L59 : I don’t think this “hierarchical” term fits with decision tree-based ensemble methods
L63-64 : Some common traditional MOS methods like the aforementioned running-mean or Kalman filter do not require so large input dataset, so I would rephrase this sentence referring to “Some MOS methods…”
L66 : “frequent upgrades” : please specify here the typical frequency of upgrade of CAMS
L66-67 : To my opinion, the development of a “global model” including data at numerous monitoring stations will indeed benefit from a larger input dataset for training, but at the same time, it will have to make predictions over a larger range of conditions. Therefore, I don’t think there is an intrinsic guarantee of reaching better performance by doing so (although I acknowledge that the authors do get a slightly better performance). Another valuable aspect of the global approach is the ability to correct AQ forecasts at new stations, taking benefit from the other pre-existing ones and without the need to wait for accumulating a sufficiently large local dataset. Eventually, I would try to introduce this idea of the global approach in a more comprehensive way.
Section 2 :
L84 : More specifically, which new SIA were introduced in June 2019 (since I guess nitrates, sulfates and ammonium were already included before) ? As some readers might think from this sentence that no SIA were included before that upgrade, I would be more specific here to avoid confusion.
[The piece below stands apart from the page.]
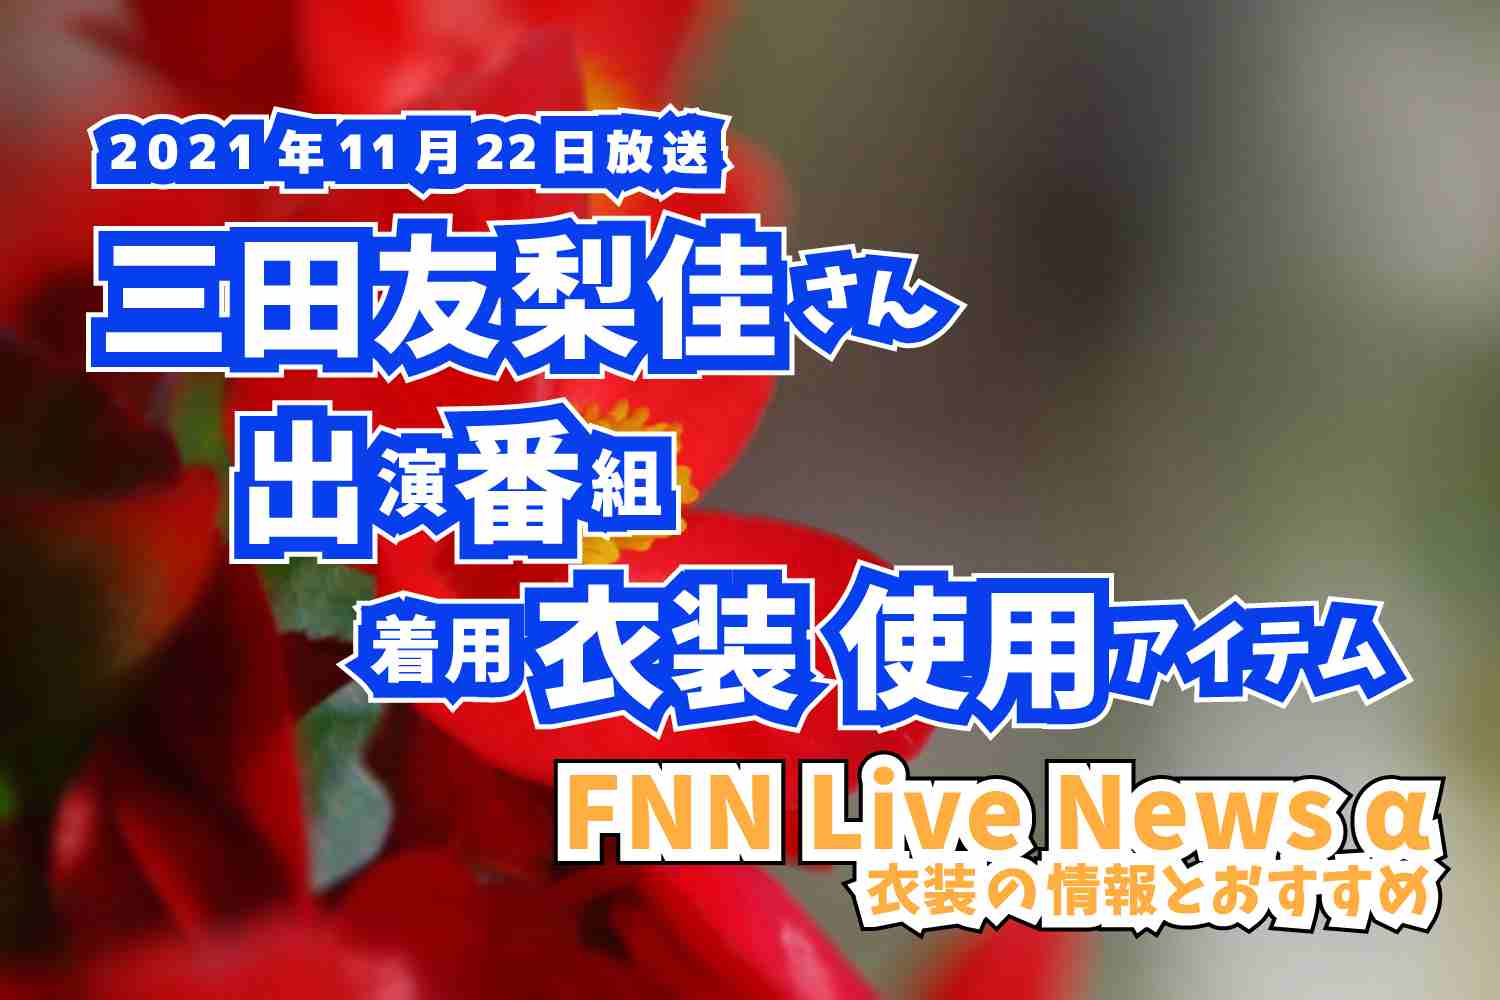 FNN Live News α　三田友梨佳さん　衣装　2021年11月23日放送

L87-88 : Given that this result is quite counter-intuitive (and somehow contradicts what is explained in the introduction to justify the interest of developing a global approach), I would eventually keep it for latter in the discussion and only mention here that this impact of this upgrade will be discussed later.
Section 3 :
L94-96 : This sentence could be better formulated. It corresponds to a supervised learning problem because you have at your disposal a labeled dataset composed of observations of the air pollutant concentrations you are trying to predict.
L100 : It would have been interesting to see to investigate the impact of the lead time on the performance of the different methods (although I understand this would have added more results to be discussed and thus less clear take-home messages).
L104 : Please provide the LASSO acronym when it first appears.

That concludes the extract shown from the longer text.